Other technological innovations in instrumentation have made it possible to have higher resolution in the study of whole, live organisms. For example, in selective plane illumination microscopy (SPIM), illumination comes from a sheet of laser light 2–8 micrometers thick. This sheet is used to optically section a sample, turned in various directions to illuminate successive planes. In this way, the cells in a whole, intact embryo can be completely imaged, enabling gene and protein expression patterns to be tracked over days. In situ imaging of whole organisms is now also possible with fiber-optic microscopes, the equivalent of having a confocal microscope on the tip of a flexible fiber-optic cable. This makes it possible to explore the properties of cell populations, such as those in the cavities of internal organs or in the pathways of blood capillaries, in the context of the whole organism.

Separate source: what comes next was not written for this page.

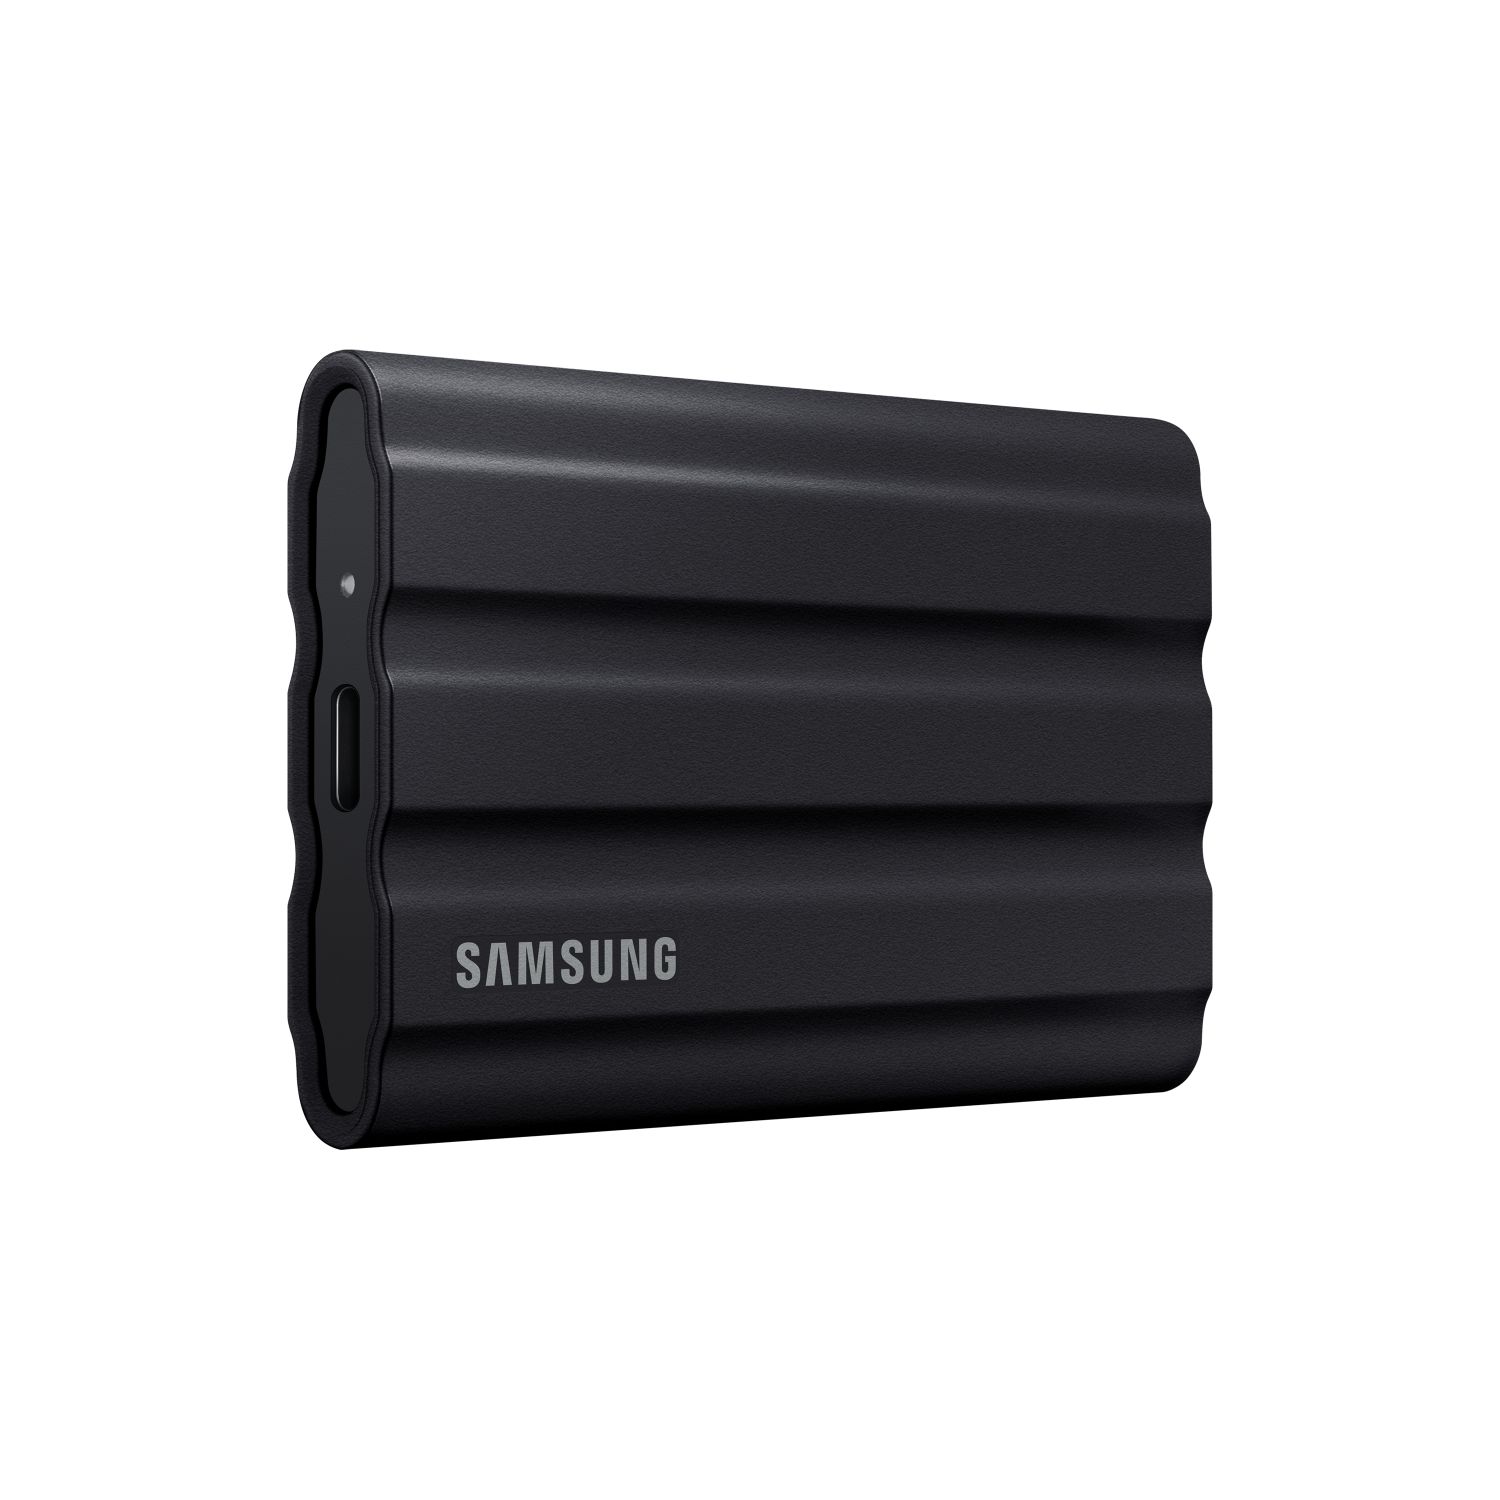 MU-PE1T0S/EU - SSD Samsung T7 Shield 1Tb USB3.2 Negro (MU-PE1T0S/EU)

At the opposite end of the scale, unprecedented magnification has been achieved with innovative imaging strategies and microscope systems. Until recently, optical resolution below ~200 nm has been impossible owing to the diffraction limit of light. New super-resolution microscopy techniques have pushed the limits of temporal and spatial detection to ~20 nm. One approach has been to use nonlinear optical strategies to reduce the focal spot size. These illumination-based techniques include stimulated emission depletion (STED) microscopy and saturated structured illumination microscopy (SSIM), with the former typically achieving tenfold higher resolution than conventional fluorescence imaging. Still higher resolution has been achieved with the introduction of probe-based super-resolution techniques that exploit the stochastic activation of fluorescence. These include photoactivated localization microscopy (PALM) and stochastic optical reconstruction microscopy (STORM), which rely on photoconvertible fluorescent proteins or dyes, respectively. Structures labeled by an ensemble of photoconvertible molecules too dense to be imaged simultaneously can be resolved with these techniques with nanometric precision through successive imaging of the activated molecules, providing finer spatial resolutions of cellular structures.
Finally, numerous nano-based analysis tools are now available for studying the behavior of molecular components in the complex environment of the living cell. These include microinjection instruments that allow chemicals to be locally applied, laser tweezers that allow cells to be physically manipulated, new transfection reagents and fabricated surfaces on which to grow cells. With such nano-based tools, together with the optical probes, microscope innovations and innovative imaging strategies now available, cell biologists are making inroads into obtaining a fundamental inventory of cell function at many levels of organization. By integrating information from multiple subcellular mechanisms, it is now possible to build a comprehensive, hierarchical framework for integrating the rapidly expanding insights of cell biology.